スキップしてメイン コンテンツに移動

アルファロメオ・ジュニアibrida (2025年6月新モデル)

 

美しいクルマ

MAZDA乗りは、大方の予想通りだと思うが、街中で見かける周囲のクルマに対して、少なからず優越感がある。トヨタ、日産、ホンダ、三菱、レクサス、BMW、ボルボのデザインはちょっと理解不能なくらいで、語彙力なく一言で表現するなら「ダサい」でしかない。スバルやスズキは最近デザインが良くなってきているとは思うが、あくまで上から目線である。メルセデス、ポルシェ、アウディなどドイツ車は・・・なんだか中国メーカーっぽく見えてしまう。

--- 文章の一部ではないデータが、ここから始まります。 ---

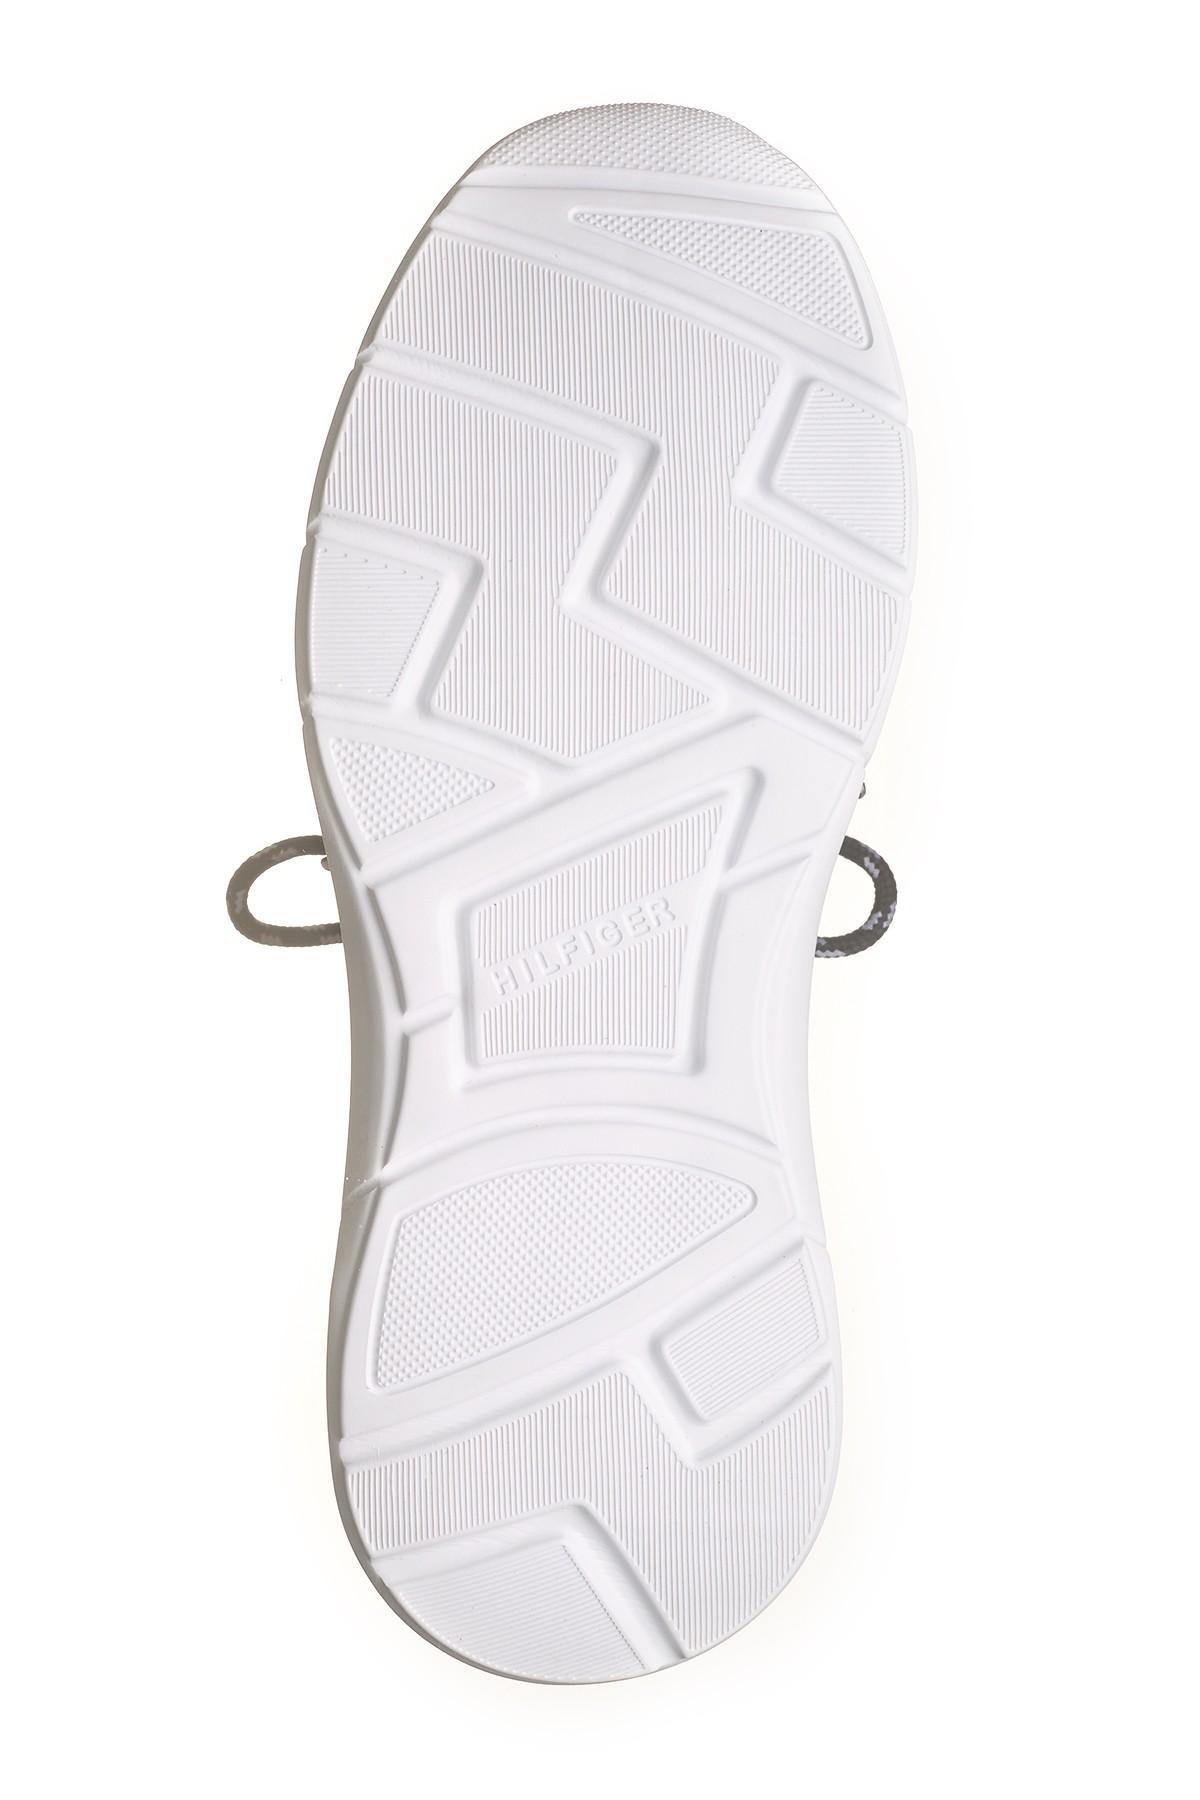 e0afe2d50b09 Lyst - Tommy Hilfiger Cabello Sneaker

デザインにうるさいMAZDA乗りが、街中で出会うとちょっと自信を無くしてしまうのが、アルファロメオだ。現行のジュリアやステルヴィオは登場からかなりの年月が経過しているが、MAZDAデザイン以上に風化しない。それどころか絶版モデルの147、156、159、166、GT、ブレラなど2000年代のデザインは、登場から20年過ぎてもエゲツないオーラを放っている。デザインが良いMAZDA車に乗っているという優越感が、アルファロメオの前では呆気なく失われる。



MAZDAとアルファロメオ

アルファロメオに新型車ジュニアが追加され、大中小の3段階のSUVが揃う。なんだかMAZDAのようなSUV主体のブランドになってきた。日本市場で現行SUVをデザインで妥協せず選ぶならば、ステルヴィオ、CX-60、CX-80、ディフェンダーがラージサイズSUV、トナーレ、CX-5、レンジローバー・イヴォークがミドルSUV、ジュニア、CX-30、CX-3、DS3がスモールSUVの選択肢になる。レクサスRX、LBX、ハリアー、ヴェゼルで十分にカッコいいと満足できる人には反論があるだろうけど、デザインで世界の頂点に立つブランドは隙がない。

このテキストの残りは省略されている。